Exactly as written, retype the listing below, omitting the pictures.

● **STORED DATA**:
>>>>>

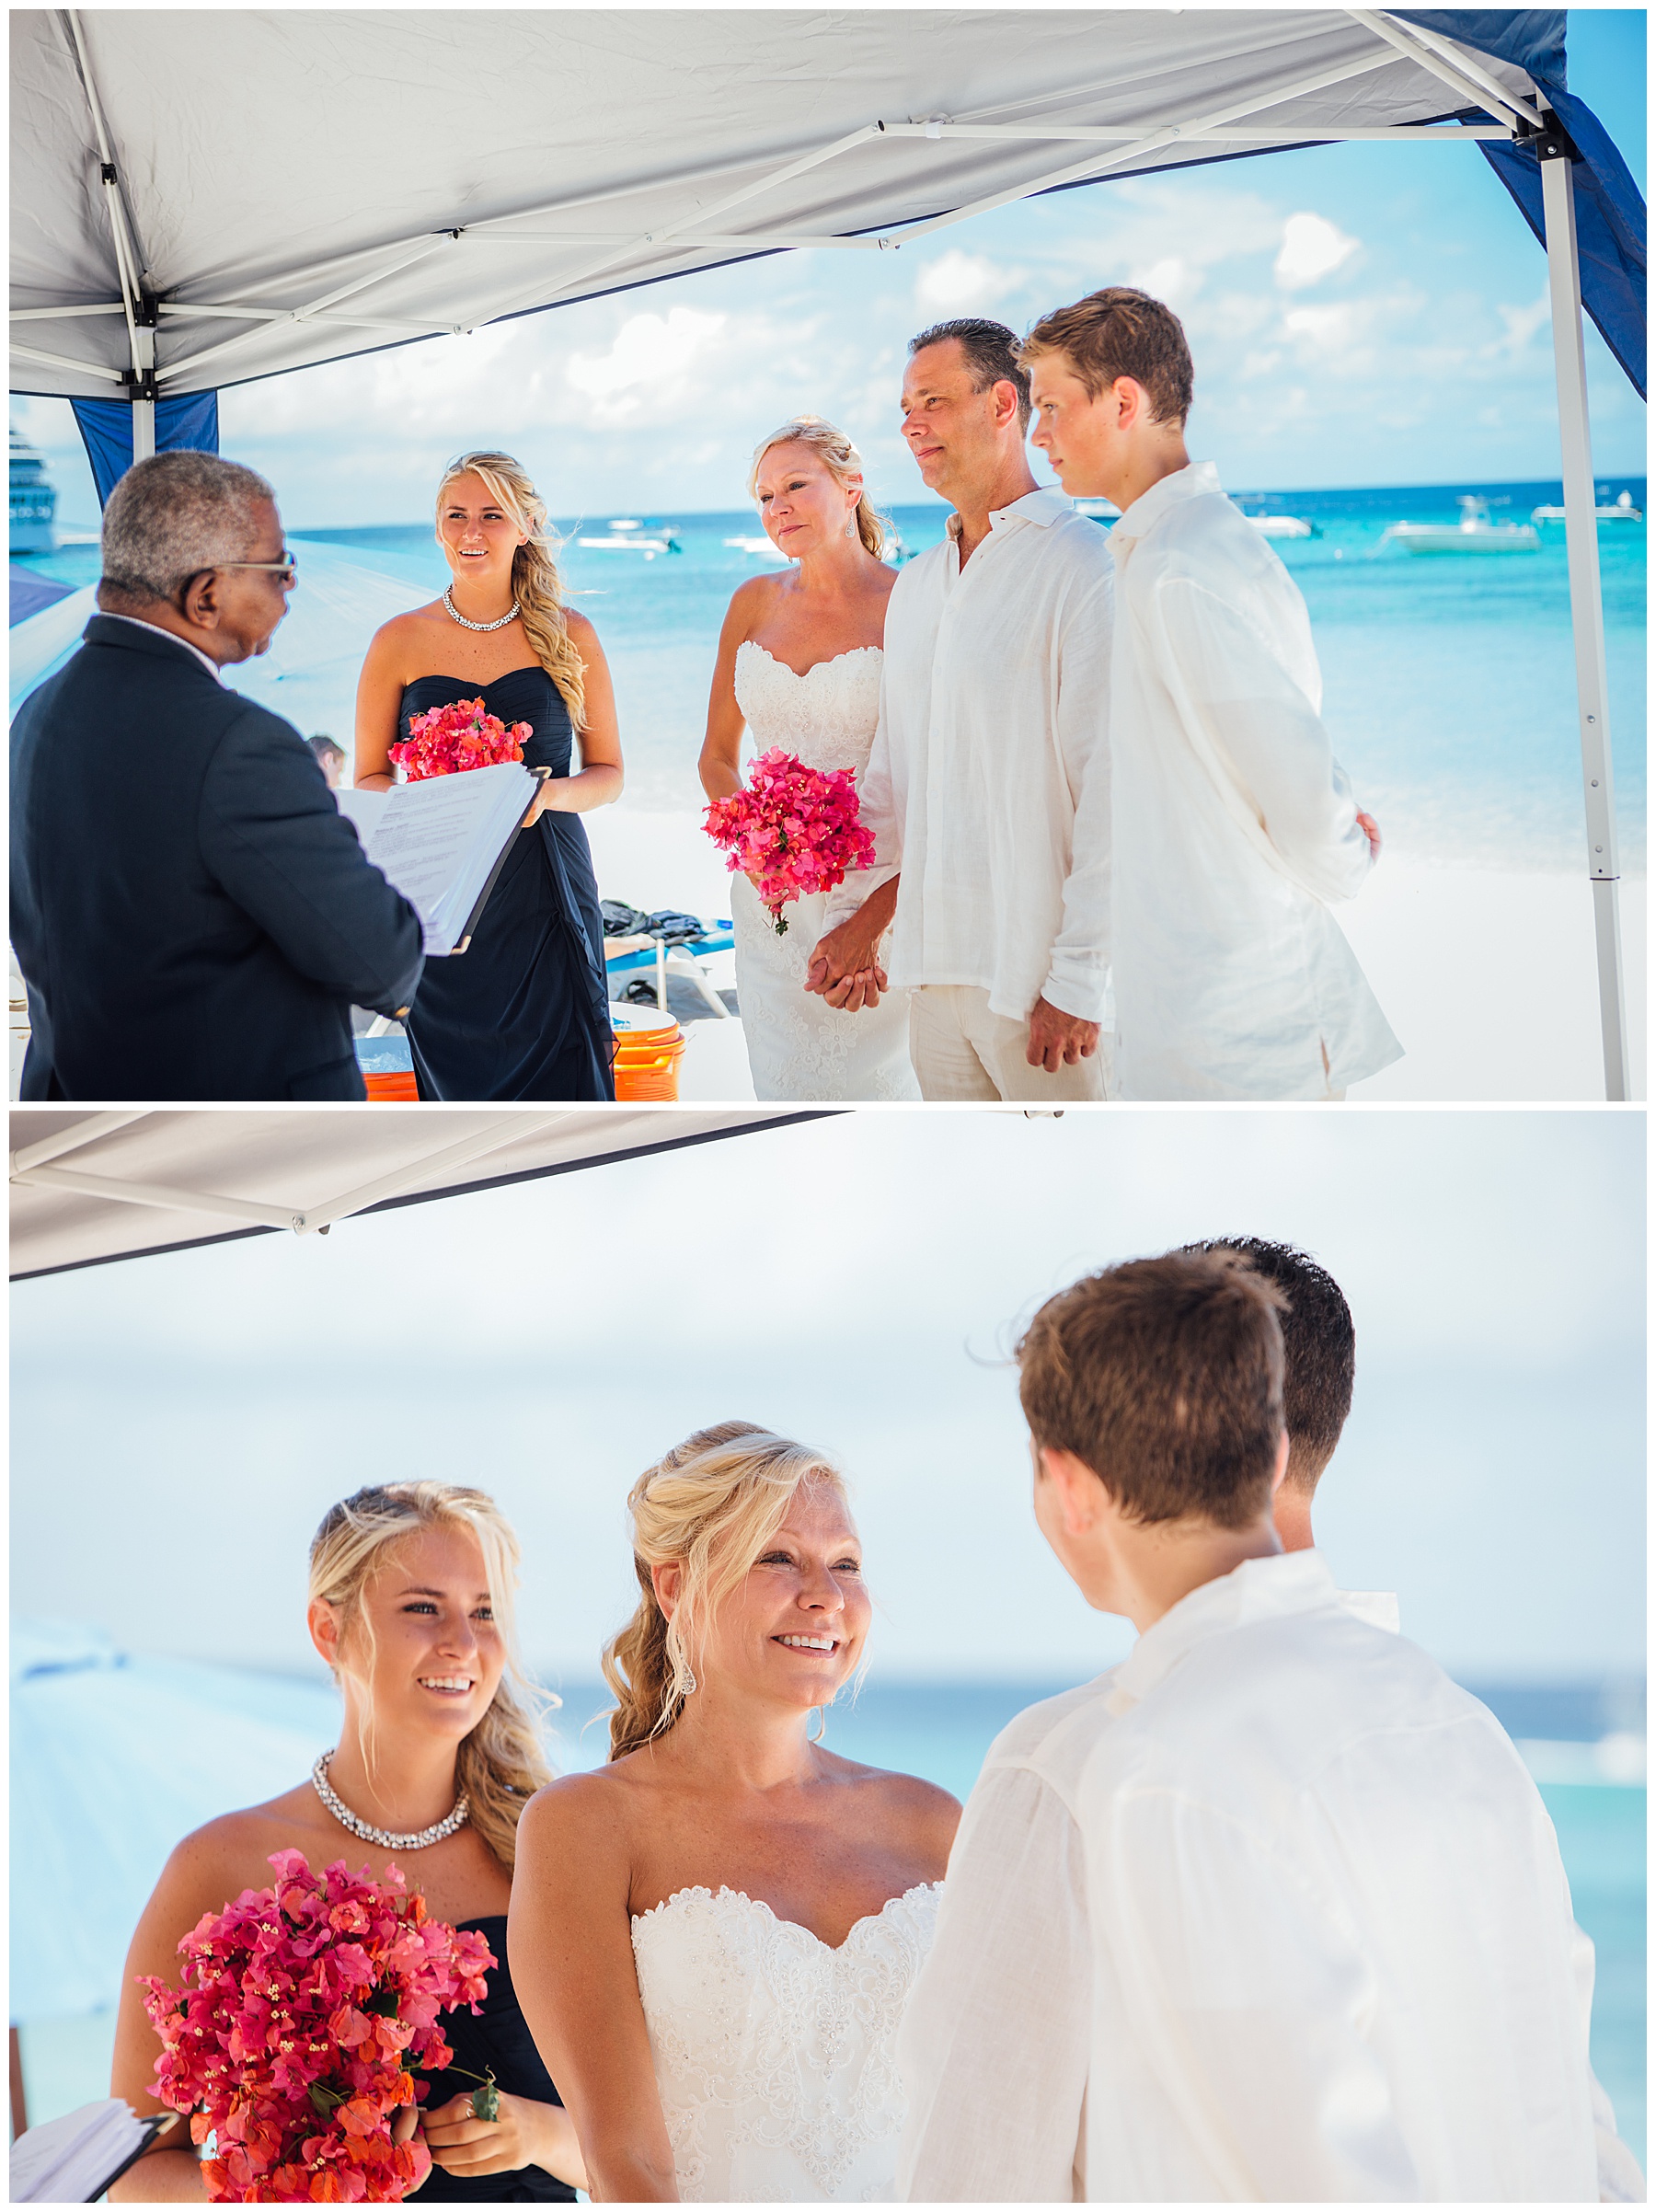 Wedding on Beach
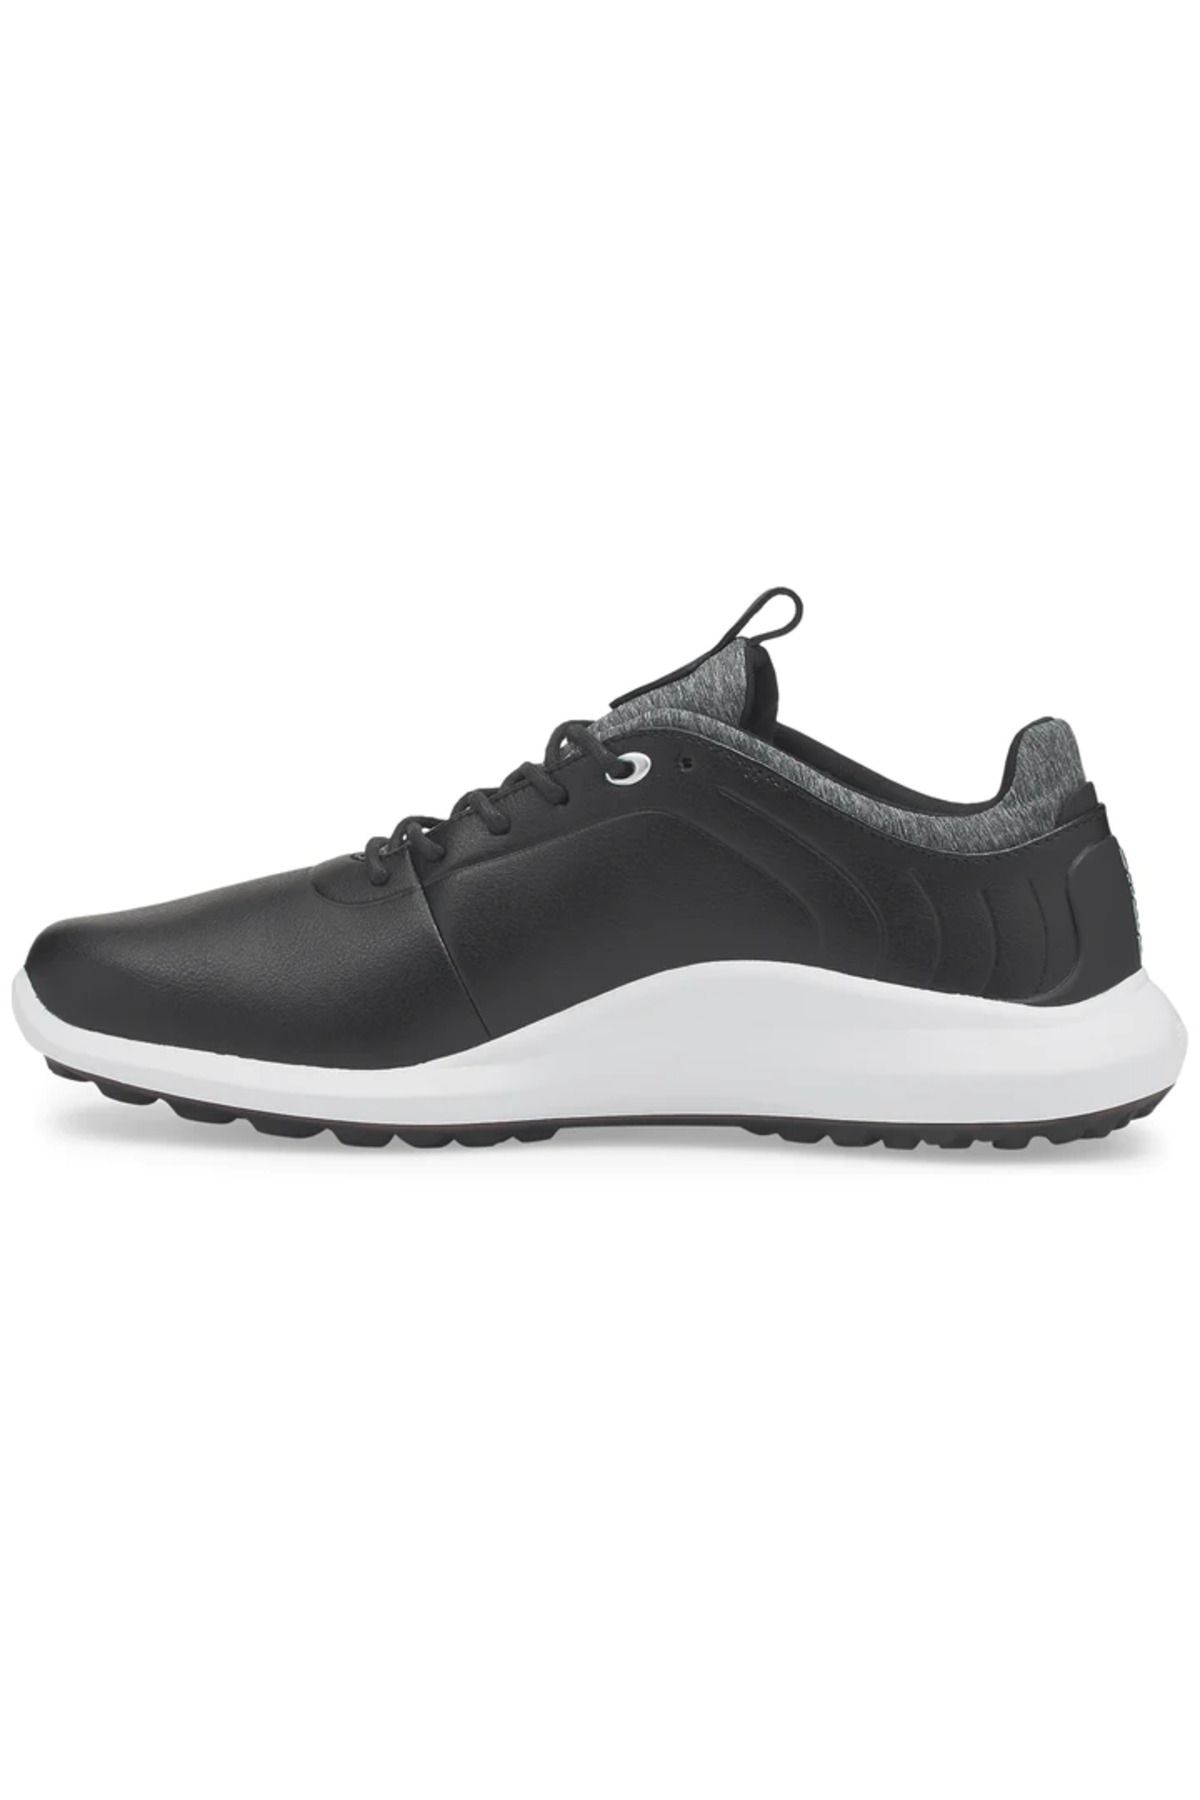 Puma Ignate Pro Shoes - Erkek Ignate Pro Golf Ayakkabısı
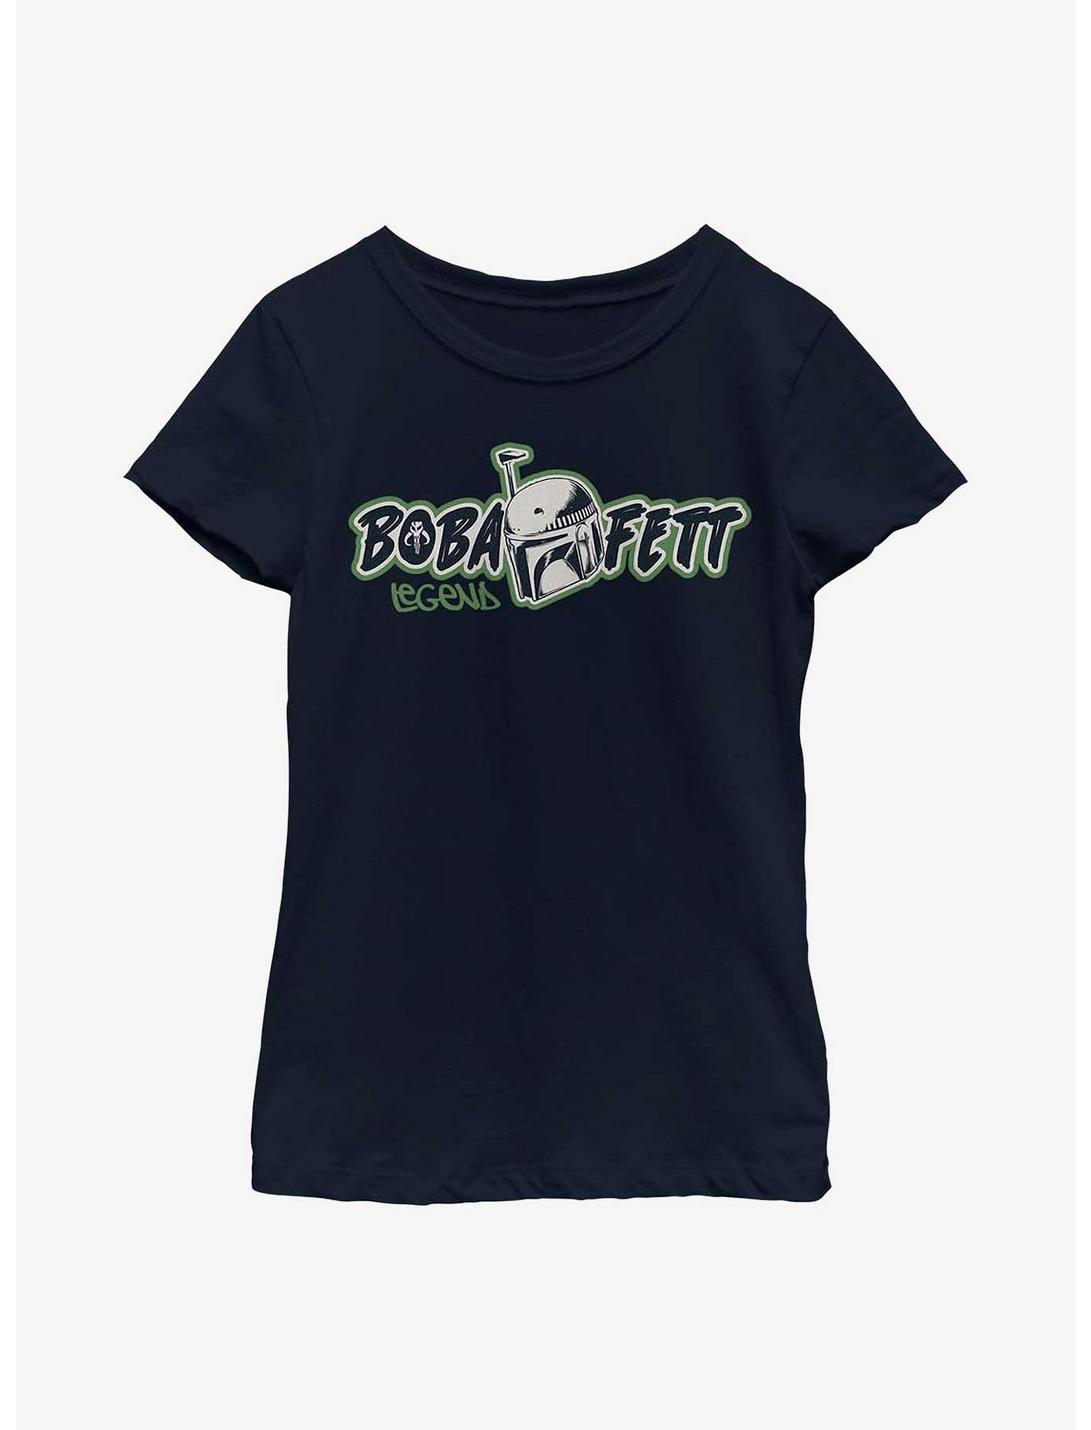 Star Wars: The Book Of Boba Fett Legend Youth Girls T-Shirt, NAVY, hi-res

<<<<<

● **YOUR RESPONSE**:
 Wedding on Beach
 Puma Ignate Pro Shoes - Erkek Ignate Pro Golf Ayakkabısı
 Star Wars: The Book Of Boba Fett Legend Youth Girls T-Shirt, NAVY, hi-res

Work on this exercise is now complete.